The recent release of R-rated footage of high-ranking figures from the Nationalist Movement Party, or MHP, with various women has led to numerous resignations. As an experienced prosecutor, Cihaner’s views on the ongoing “tape scandal” debate are seen as carrying some weight.

“There is a mechanism that decides who to wiretap, to follow and to film. Businessmen, top judges, politicians and bureaucrats are being targeted [by this mechanism]. It’s an expensive effort and requires high-tech devices,” he said.

Saying that the growing releases of video and audio recordings could not be the work of a single organization or a few people, Cihaner accused the government of not taking precautions to stop this crime.

“The prosecutors are not doing anything; furthermore they seem to be part of this mechanism. Some statements, recordings are being leaked from the room of prosecutors,” he said. “This is simply what happened to me. If the police and prosecutors are not intervening, then it means they are also in this business.”

According to Cihaner, the “mechanism” is using the recordings it gathers at strategic points for political gain. “We are unaware who has been taken hostage by this blackmailing mechanism. Who knows which bureaucrats have been blackmailed?” he asked. “Who knows which politicians have been threatened with these tapes? Even further… we even cannot be fully sure whether the prime minister has also become a hostage of this mechanism.”

Gov’t empowered to make illegal moves

The CHP candidate slammed the government for not protecting the private life of people, a right guaranteed by the Constitution. “In democratic countries, private lives, security and the dignity of the people are entrusted to the government. Even legal documents cannot be leaked,” he said. “This is the society of fear and fascism. Unfortunately, this government is taking its power from this.”

Urging the political parties not to use these sorts of tapes to their advantage and not to expel victimized politicians due to the release of recordings, Cihaner said such moves could push the secret services of other countries to do the same thing in the future.

The candidate also commented on another top issue in the country, the scandal over the university entrance exam. As a former prosecutor, he said, the case is not being handled in a way that will satisfy people. “‘There is a code but no cheating,’ they say. This is an oxymoron,” he said, adding that he was hindered from investigating a similar scandal when he was serving as the prosecutor in Erzincan.

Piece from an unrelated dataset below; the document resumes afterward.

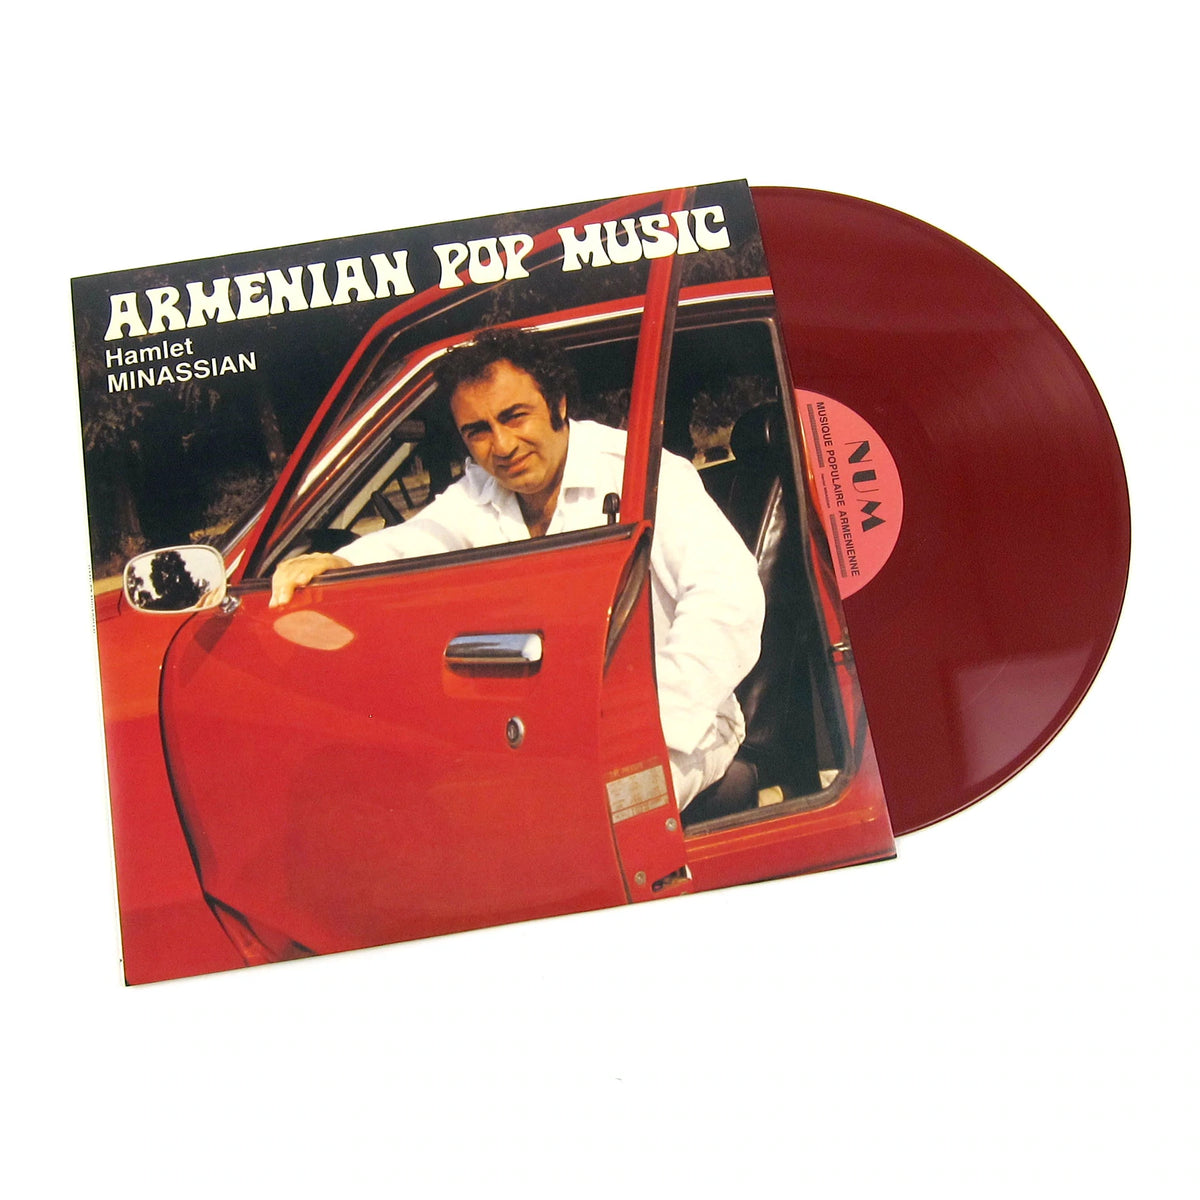 Hamlet Minassian - Armenian Pop Music LP

“I was conducting a probe on claims that the questions to be posed in the Police Academy entrance exam had already been distributed to some special [testing prep] courses run by a certain structure,” he said, making a veiled reference to the Gülen religious community.

“It has been understood that some officials from the National Intelligence Organization [MİT] were arrested as they were investigating the same thing. My prosecution was stopped afterwards,” Cihaner said.

A growing danger

With one month to go until the June 12 polls, Cihaner also criticized the government for making politics on the basis of religion and ethnicity. Saying that Turkey had suffered a lot from this sort of politics in the past, which claimed the lives of many people in separate events in Kastamonu, Çorum and Sivas, he called on the ruling party to avoid creating further polarization in the country by dividing it into “Turk-Kurd,” “Alevite-Sunni” or “secular-anti-secular” factions.

“We shall not fall into this trap. We should put equal citizenship, human rights and universal values of law at the forefront,” he said. “If you let the people jeer at a politician because of his sect, then somebody else will do the same to you. The people of Anatolia should be able to close this very dangerous door.”

Responding to government criticisms that he decided to run for Parliament to enjoy parliamentarian immunity, Cihaner described these statements as part of a smear campaign. “The so-called crimes attributed to me are not covered by parliamentarian immunity,” he said. “I decided to enter politics after signing a document [saying] that I won’t enjoy immunity. This campaign against me is political impoliteness and immoral.”